WORK TASK
No pictures, nothing altered: return the data below.

INPUT DATA
+ + +
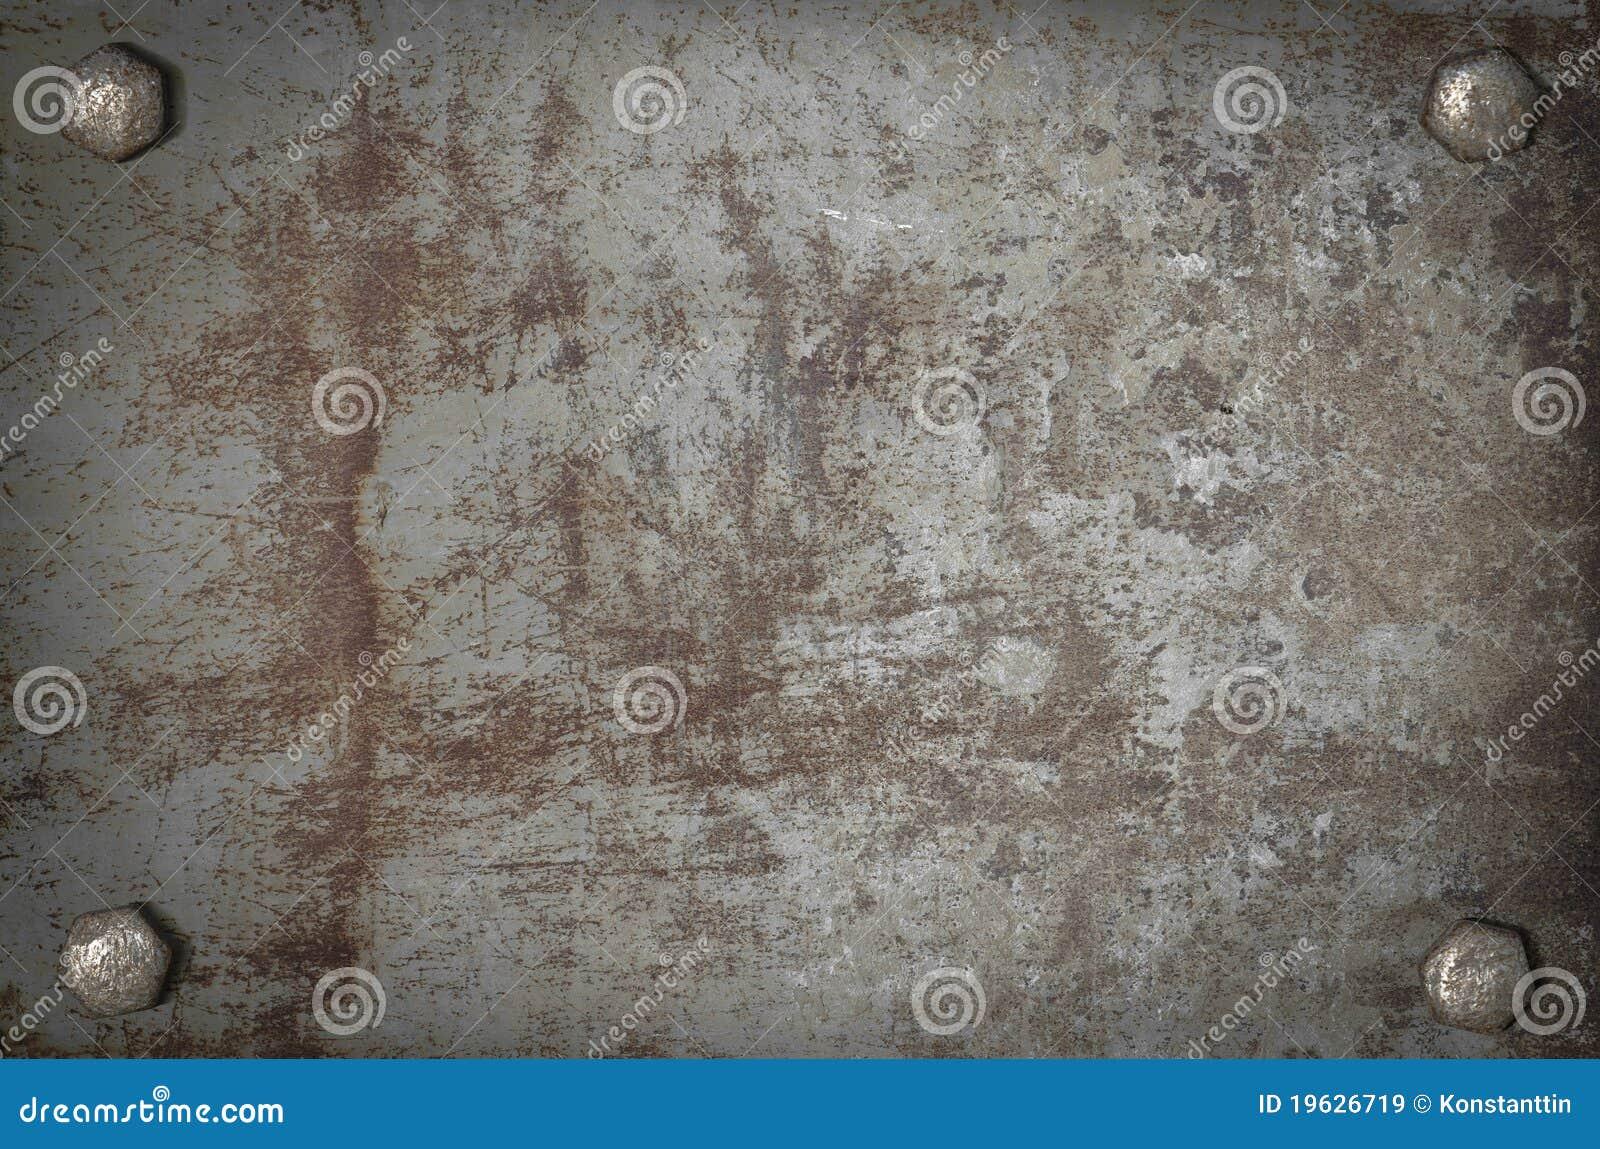 Art Grunge Metal Plate With Screws Stock Image Image Of Dirty Rustic 19626719
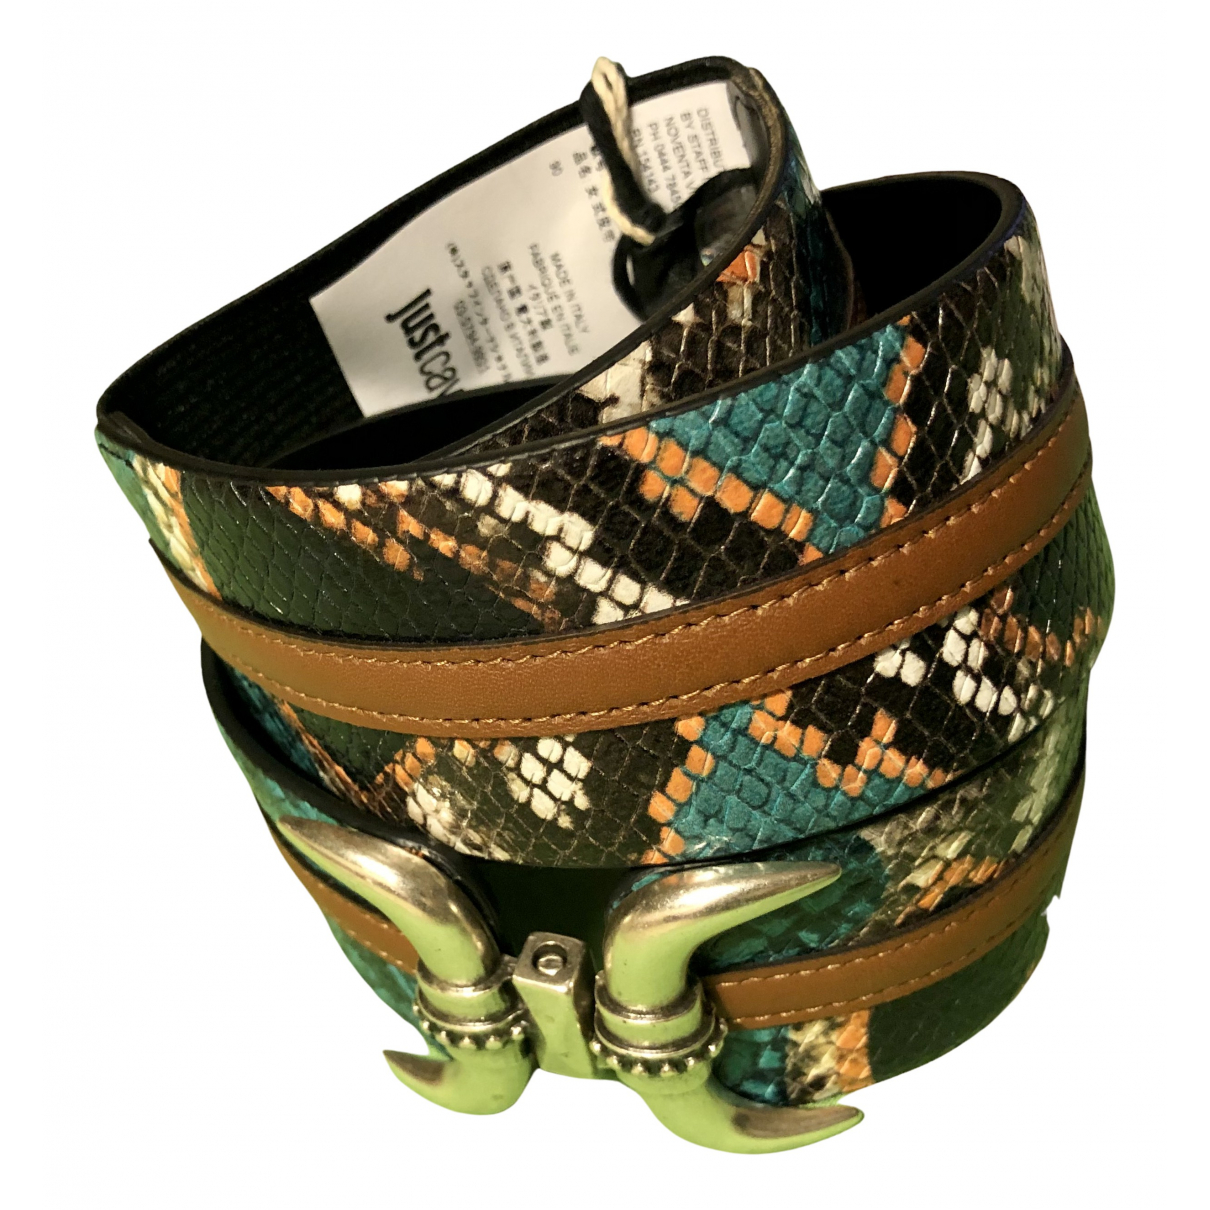 Just Cavalli N Leather belt for Women 90 cm
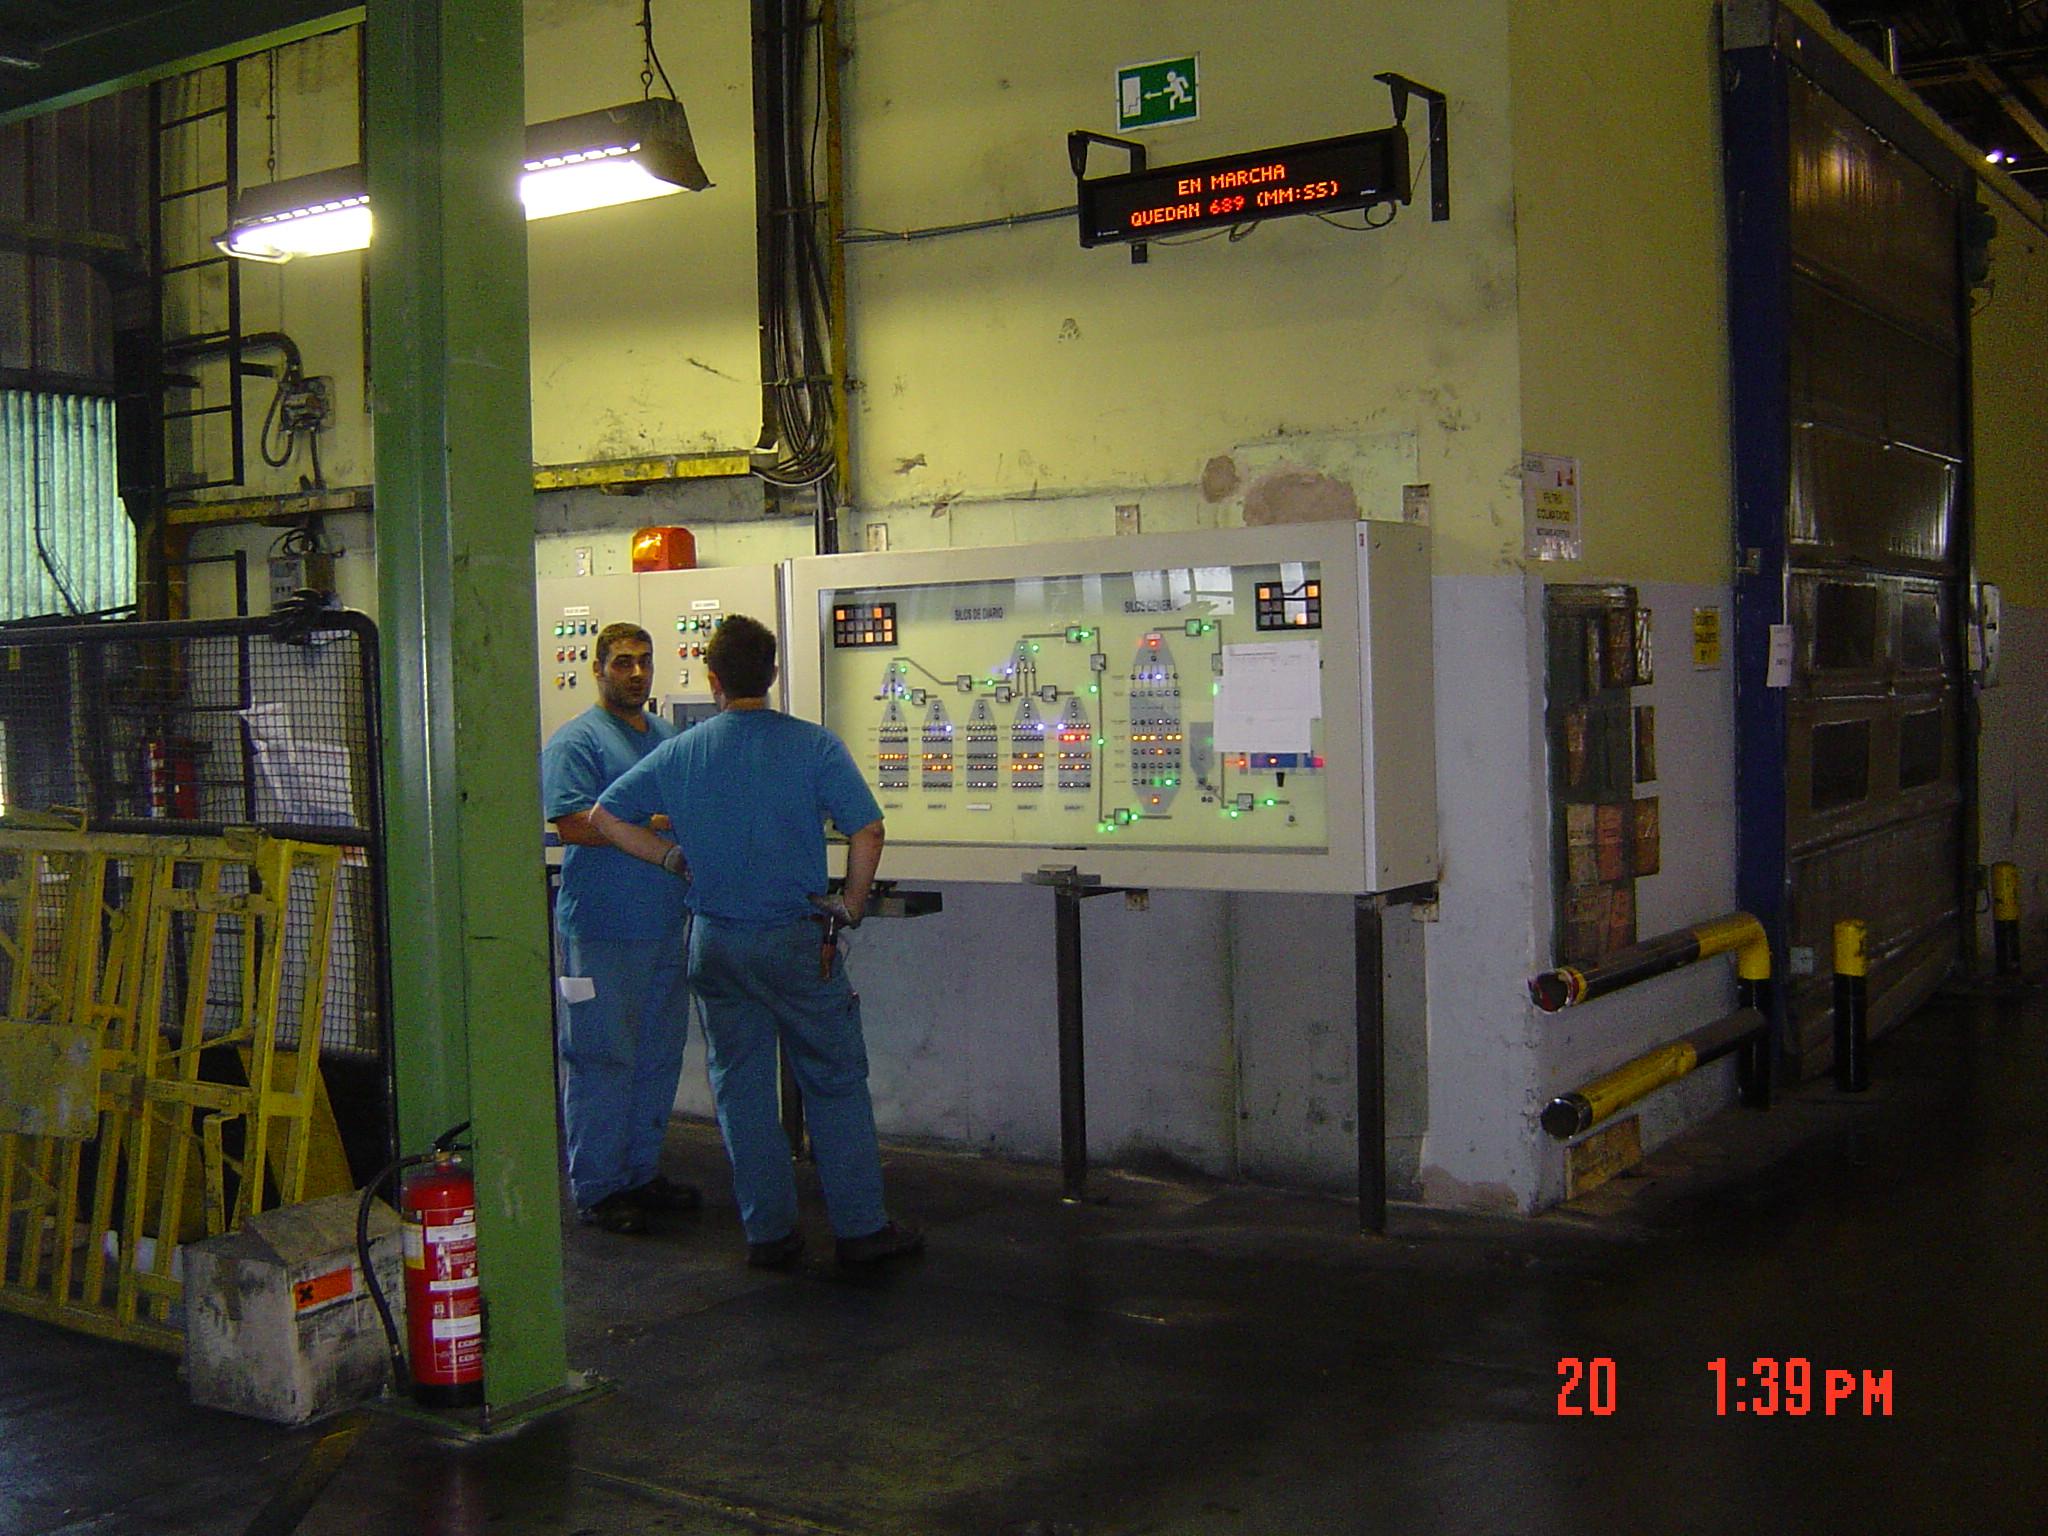 Automatización Silos planta Bridgestone, Burgos (España, 2007)
+ + +
REPLY
 Art Grunge Metal Plate With Screws Stock Image Image Of Dirty Rustic 19626719
 Just Cavalli N Leather belt for Women 90 cm
 Automatización Silos planta Bridgestone, Burgos (España, 2007)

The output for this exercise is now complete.